**INPUT DATA**

========================================================================

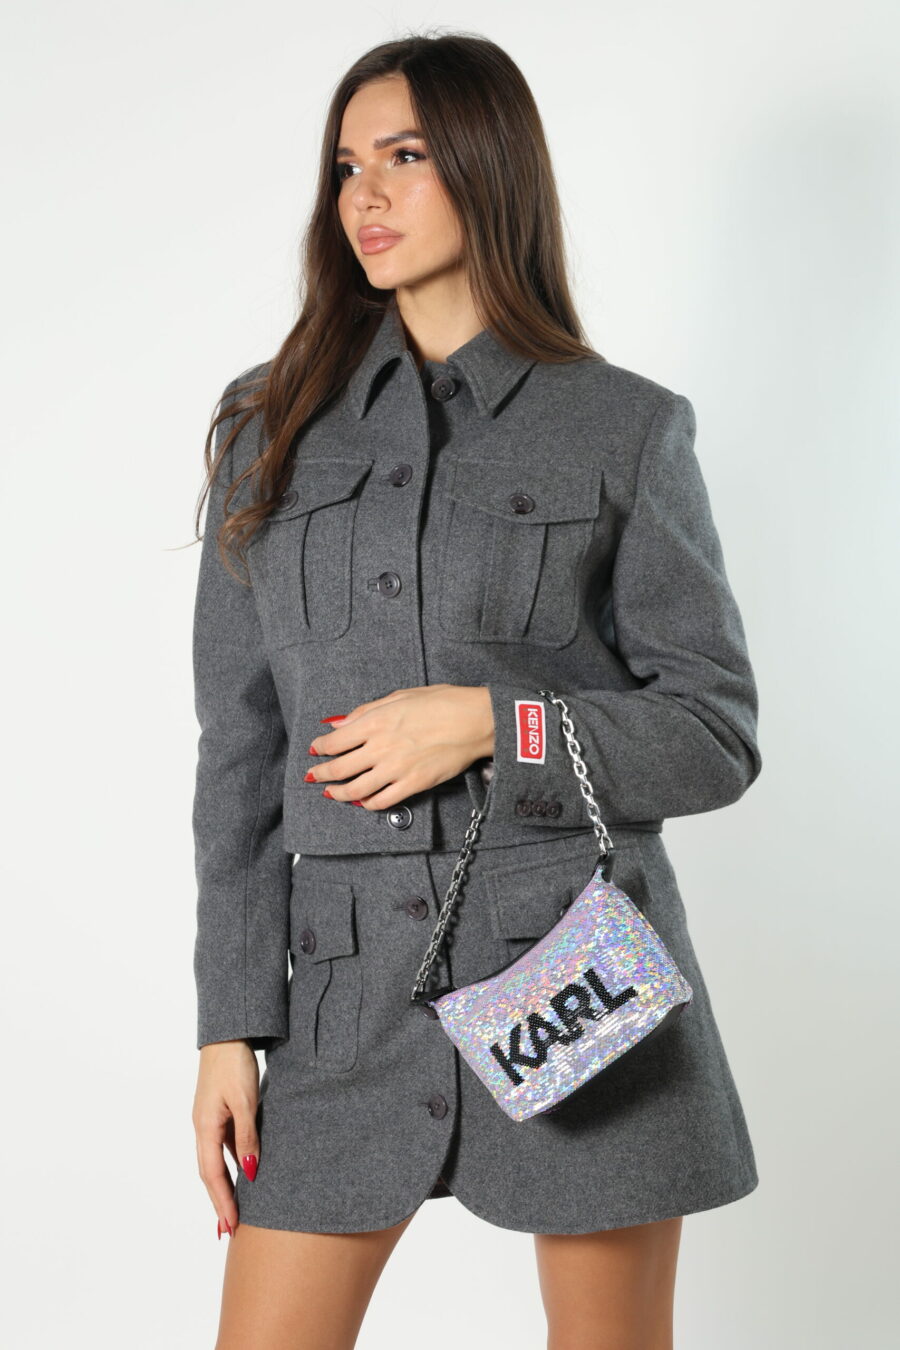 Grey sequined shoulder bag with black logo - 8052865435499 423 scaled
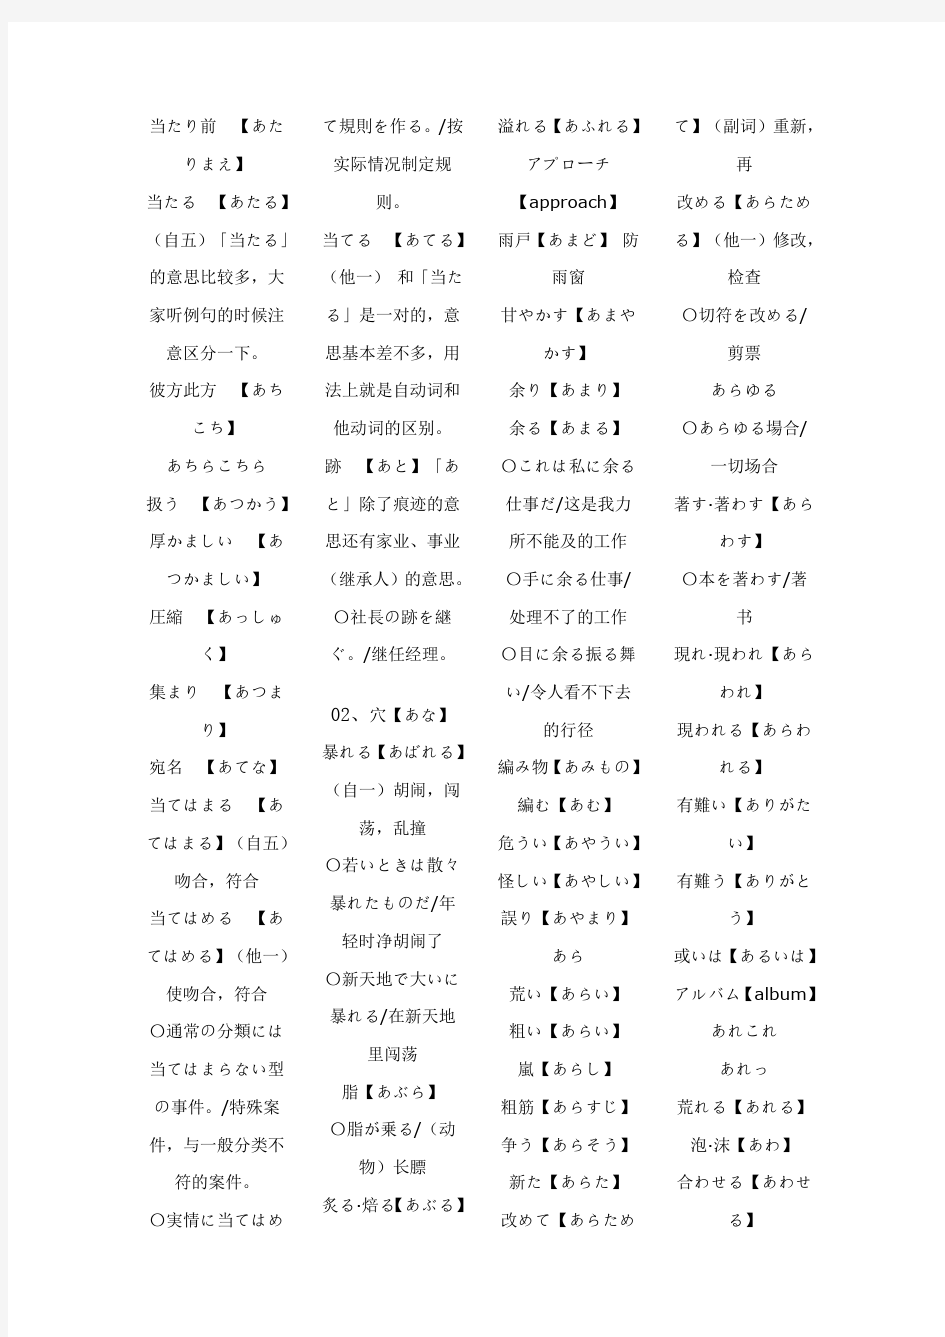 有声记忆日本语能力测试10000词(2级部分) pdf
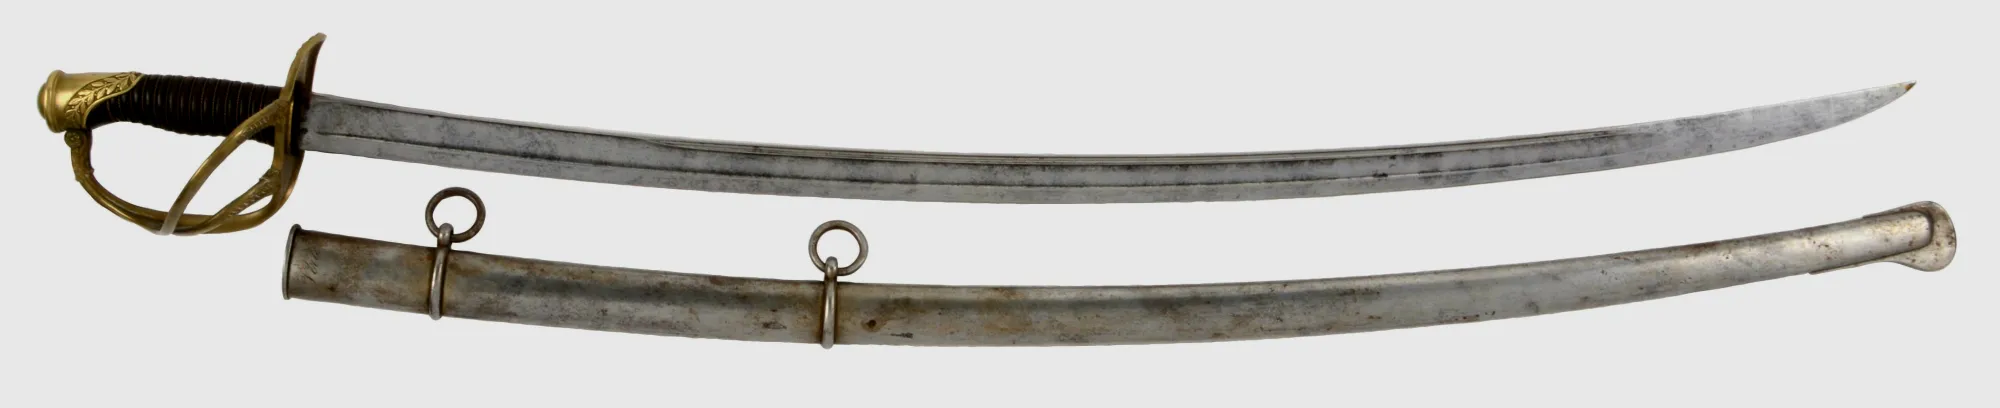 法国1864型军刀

========================================================================

**EXERCISE INSTRUCTIONS**
Omit the pictures. Repeat the rest of the data exactly.

**RESULT**
 Grey sequined shoulder bag with black logo - 8052865435499 423 scaled
 有声记忆日本语能力测试10000词(2级部分) pdf
 法国1864型军刀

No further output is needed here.